October 10, 2007 Washington Times

Tony Blankley -

In my column last week, I argued for electoral pragmatism by my fellow conservatives (e.g. better a Giuliani Republican than Hillary). About two-thirds of my self-identified conservative Christian e-mail respondents strongly disagreed.

That response reminded me of a very shrewd observation several years ago by Robert William Fogel that: "Coalitions spawned by religious movements are more ideological than partisan." The current Republican-conservative coalition that started forming under Richard Nixon and reached its zenith under Ronald Reagan would never have become a national governing coalition without the powerful impetus of the expanding religious movement in America. Without the conservative social-religious faction of the coalition, the remaining fiscal conservatives, free marketers, hawks and country-club Republicans would routinely come up short of a national majority.

But the possible conservative religious resistance to Mr. Giuliani on the basis of his opposition to outlawing abortion at the federal level — and their willingness to accept a Hillary presidency if necessary as a result — points out how little partisan loyalty may have been built up in the last quarter century of the coalition's dominance.

Consider the continued loyalty to the Democratic Party of labor unions (if not always a big majority of their members), which has persisted since FDR's time — now almost three-quarters of a century. Even when Democrats gave them little, they stuck with them — a partisan bond that transcendent not only ideology, but sometimes self-interest.

It remains to be seen whether the bonds that have been formed between religious conservatives and the GOP will partially dissolve in 2008. Clearly, a year before the election some of their leaders are threatening to break. And more than a few of their folks outside of Washington have unambiguously informed me that they share that sentiment.

I still believe that a powerful moral argument can be made for compromising on behalf of one's coalition in politics. I have made that argument, against my own cherished policy goals when I have been inside government in the Reagan White House and as Newt Gingrich's adviser and press secretary. And I plan to continue to make it publicly now.

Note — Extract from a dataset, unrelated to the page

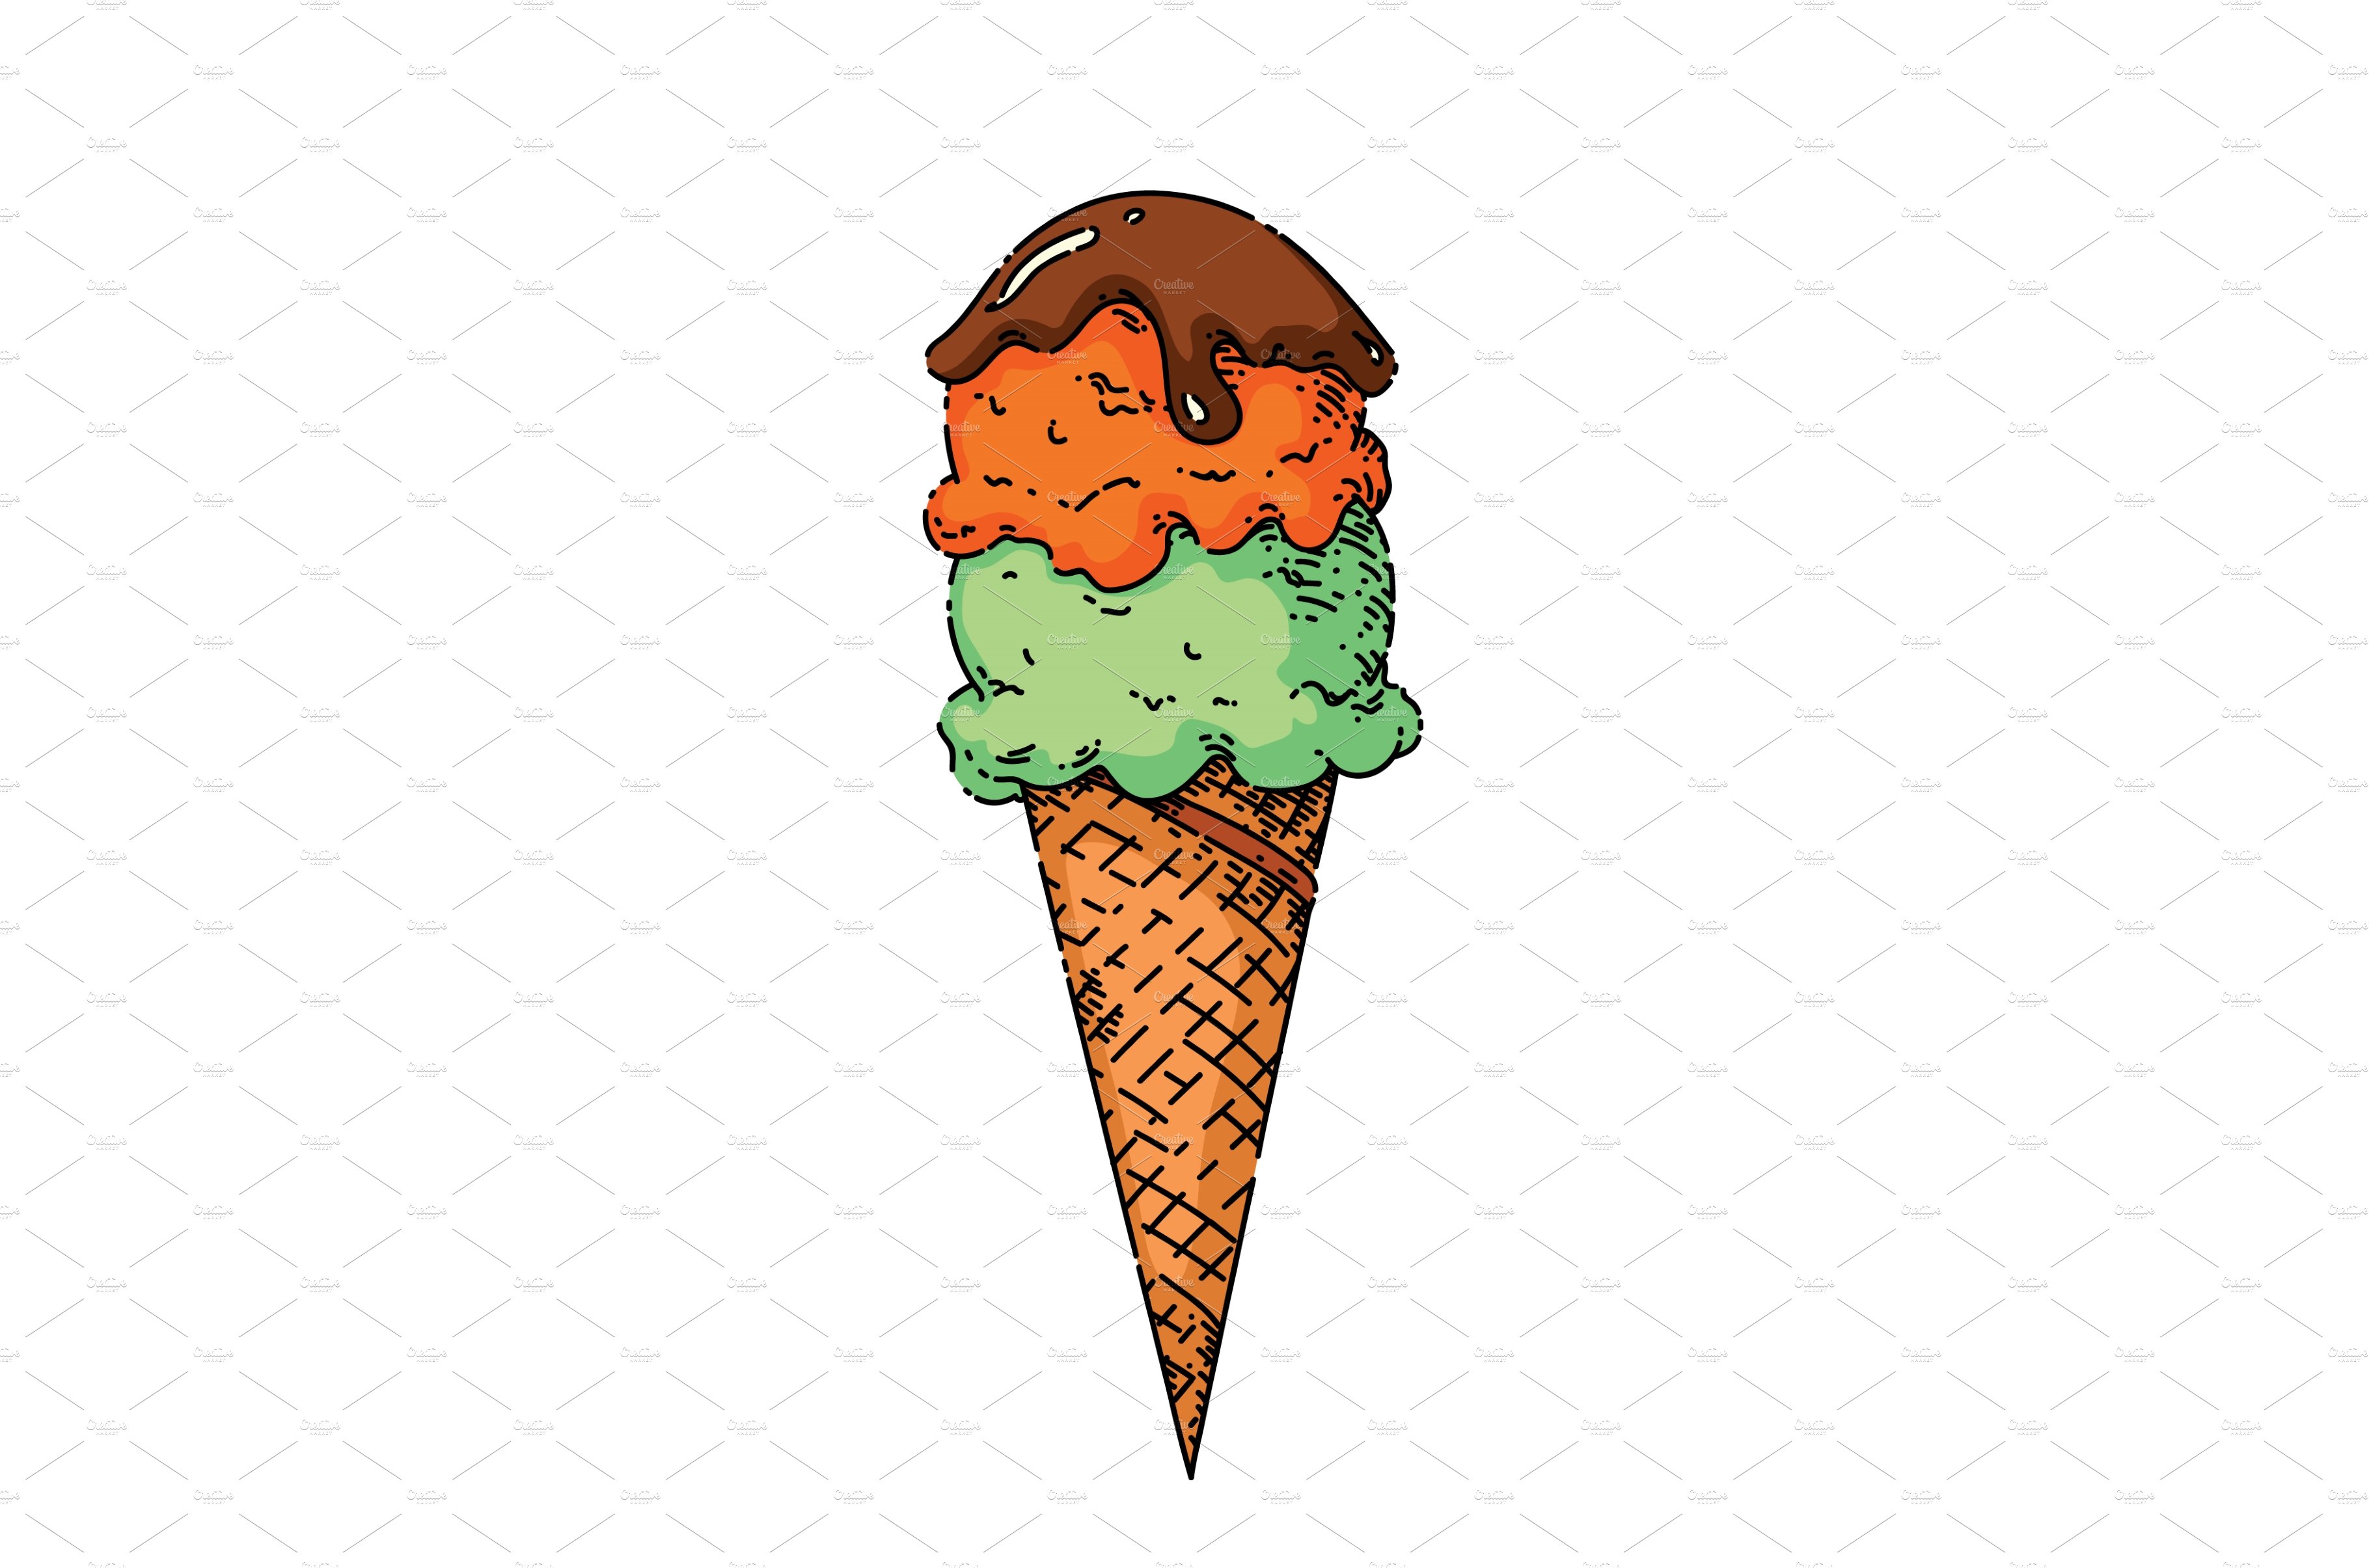 Vanilla ice cream in a waffle cone, watercolor drawing

It is the same argument that Barry Goldwater made so many years ago, when he told the conservatives of his time to grow up politically and not always threaten to walk off with the ball when they didn't like every play their team called. Only a supreme dictator can get everything he wants out of politics. For all the rest of us, politics is a team sport. Even vastly popular presidents — from FDR to Ronald Reagan — had to compromise on things they felt passionately about.

Those of us who have stayed in the fray have had to constantly wrestle with our consciences as to whether we are making a reasonable compromise — or whether we are becoming power mad political hacks. Those arguments went on constantly in the Reagan White House among many of us who came into politics not for power, but to return America to its founding principles, values and greatness.

No doubt there is a danger of becoming precisely the sort of swamp creatures we came to Washington to rid the nation of when we said we wanted to drain the Washington swamp. But perfect purity of principle in application is not a functioning governing process — it is a posture. And whether one is a Washington professional or a citizen voter, anyone who considers himself a person of good conscience, must have the courage to judge whether the net effect of his political decision advances one's moral objectives or not.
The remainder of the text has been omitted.